■ REQUIRED ACTION: Beginning with the line that holds "Kylie Jenner S", write out each line exactly as it stands until the end of the data, and include no pictures.

■ GIVEN DATA:
※ ※ ※

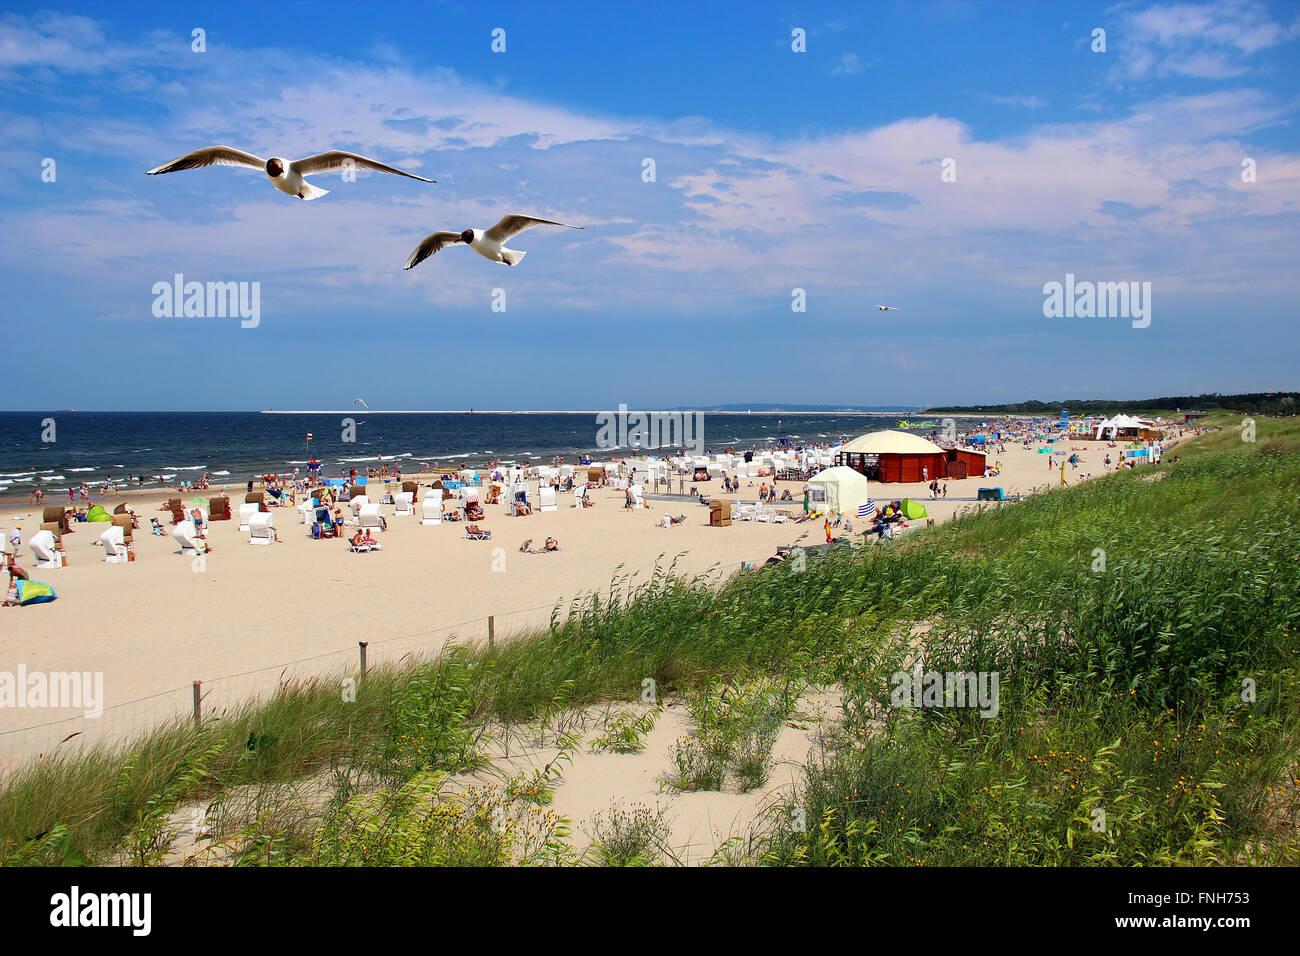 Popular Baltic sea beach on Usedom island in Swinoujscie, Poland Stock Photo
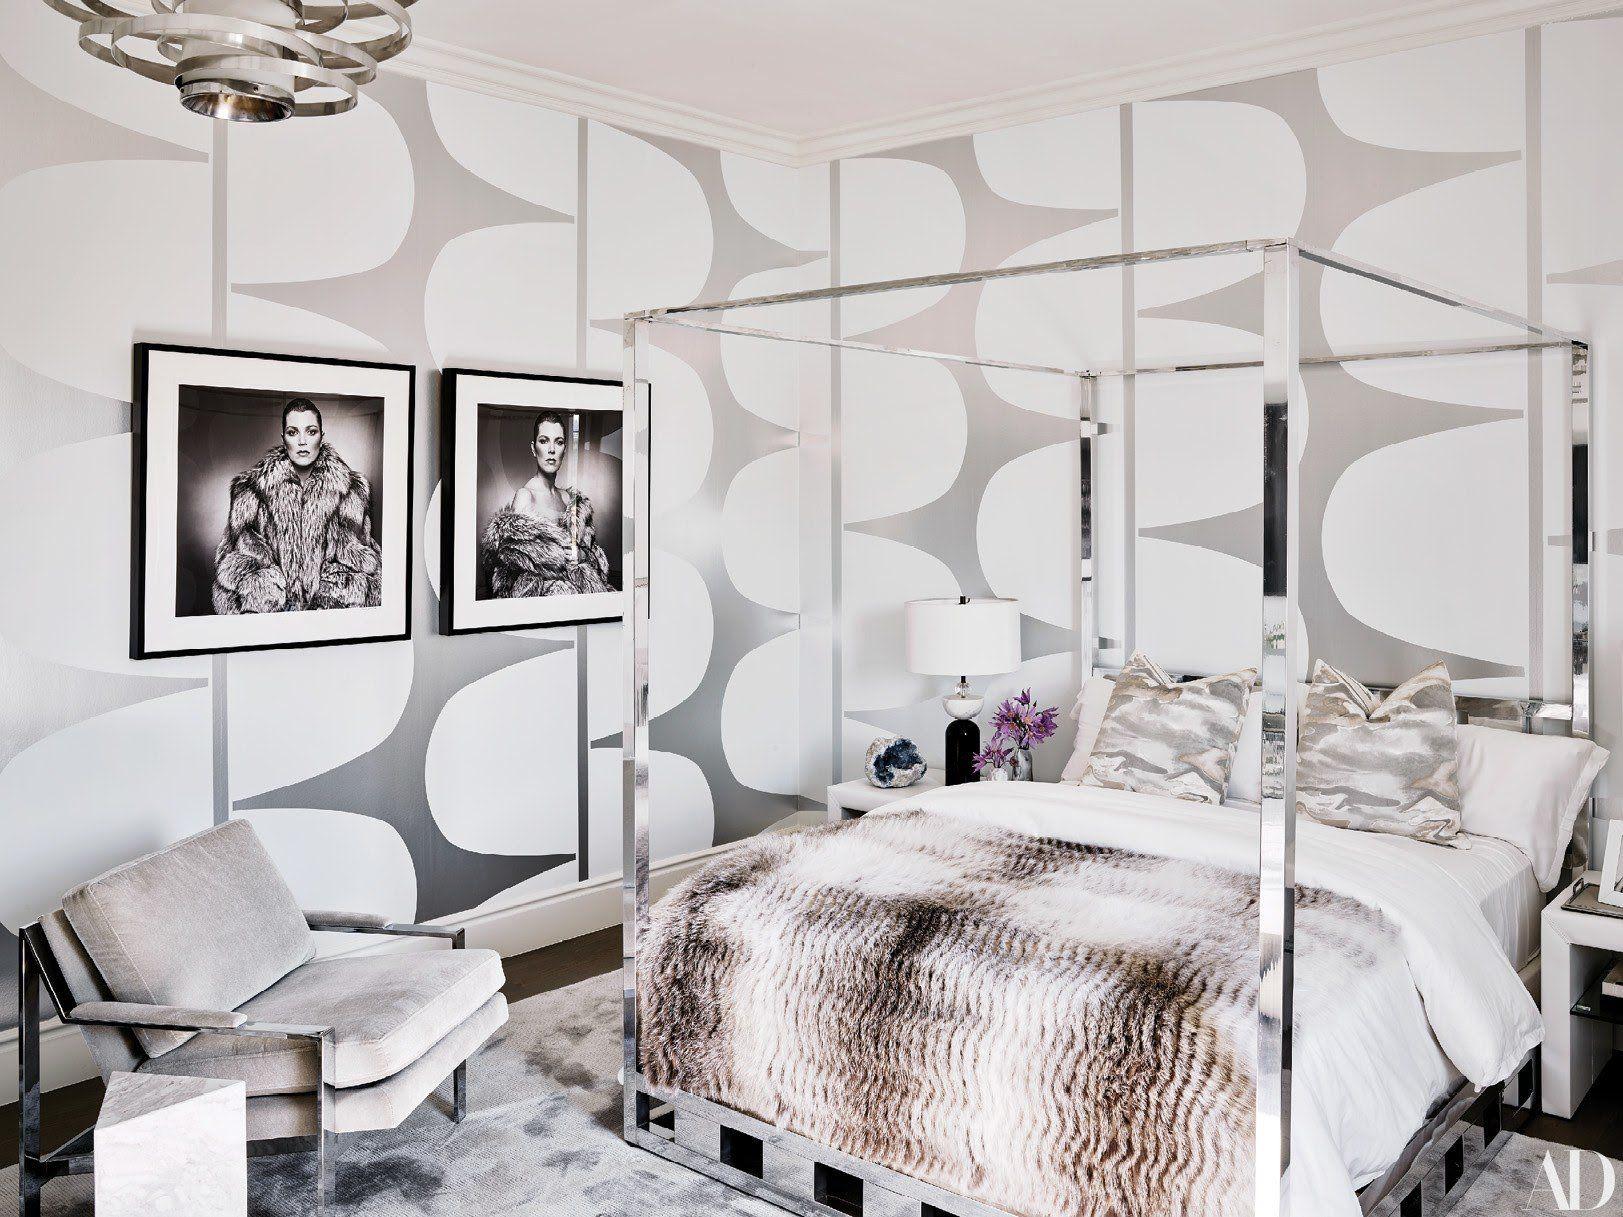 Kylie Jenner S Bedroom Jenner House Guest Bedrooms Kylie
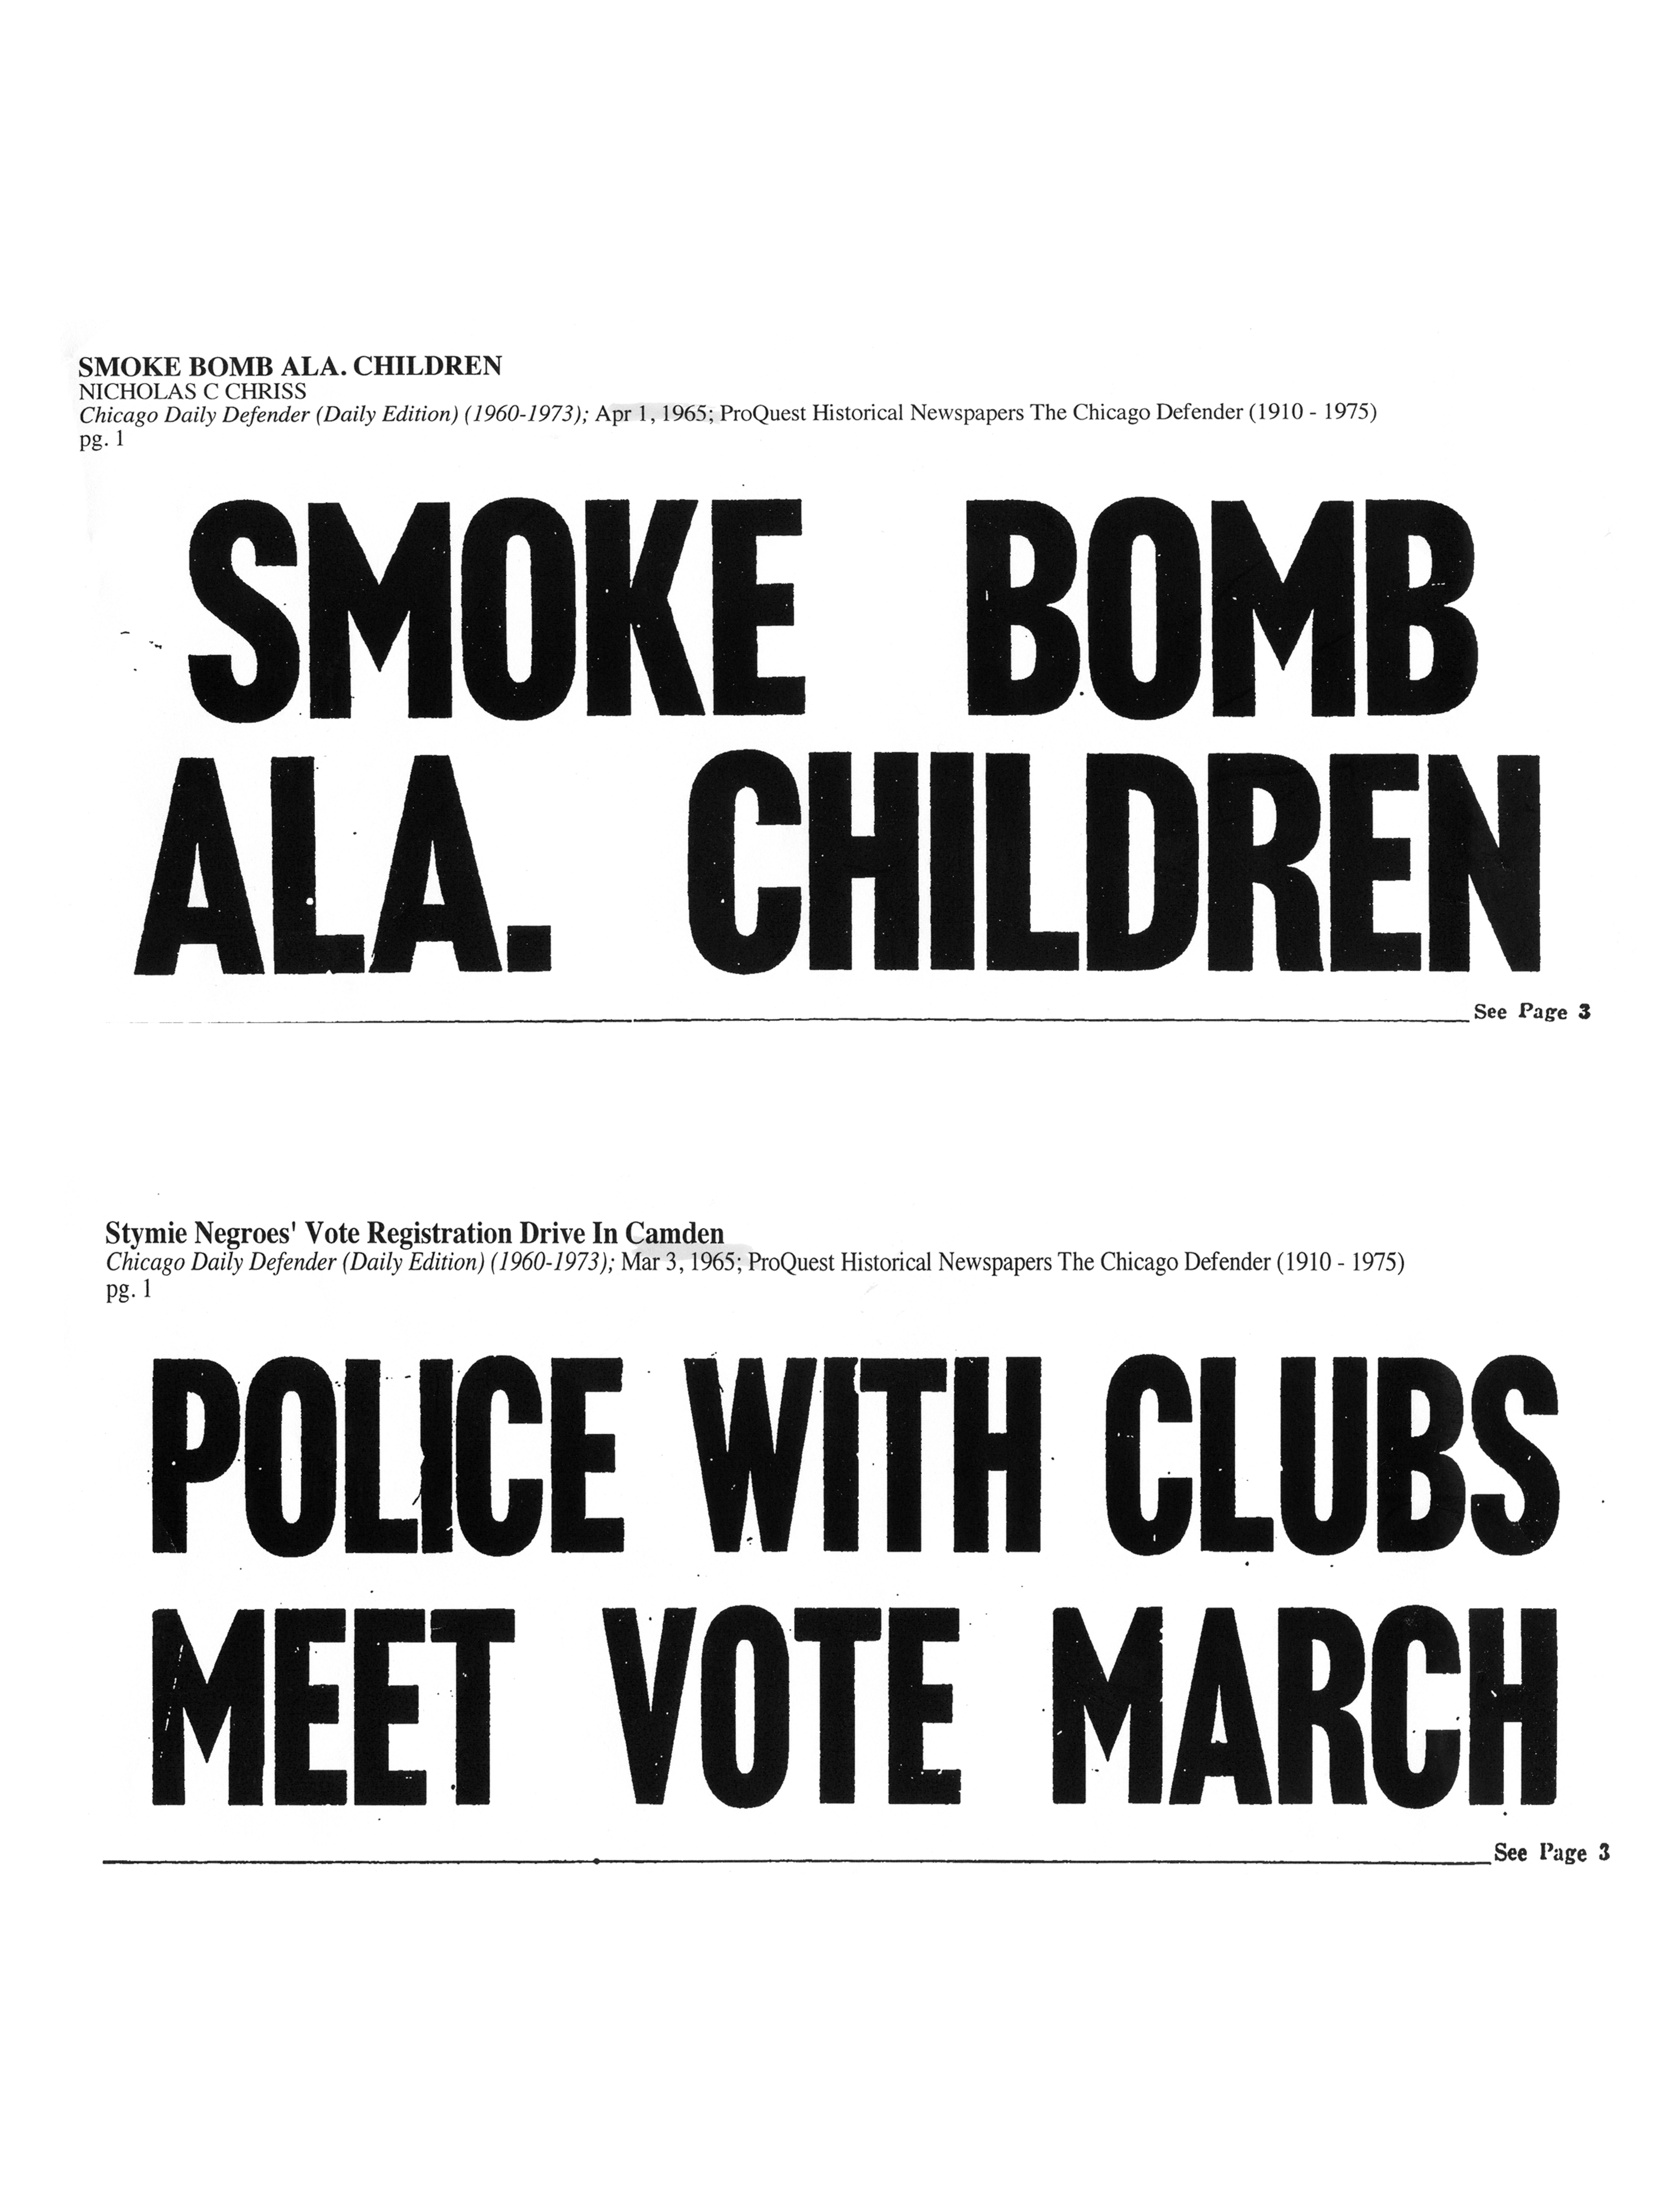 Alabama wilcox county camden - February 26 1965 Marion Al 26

※ ※ ※

■ SOLUTION TO THE PROBLEM:
 Kylie Jenner S Bedroom Jenner House Guest Bedrooms Kylie
 Alabama wilcox county camden - February 26 1965 Marion Al 26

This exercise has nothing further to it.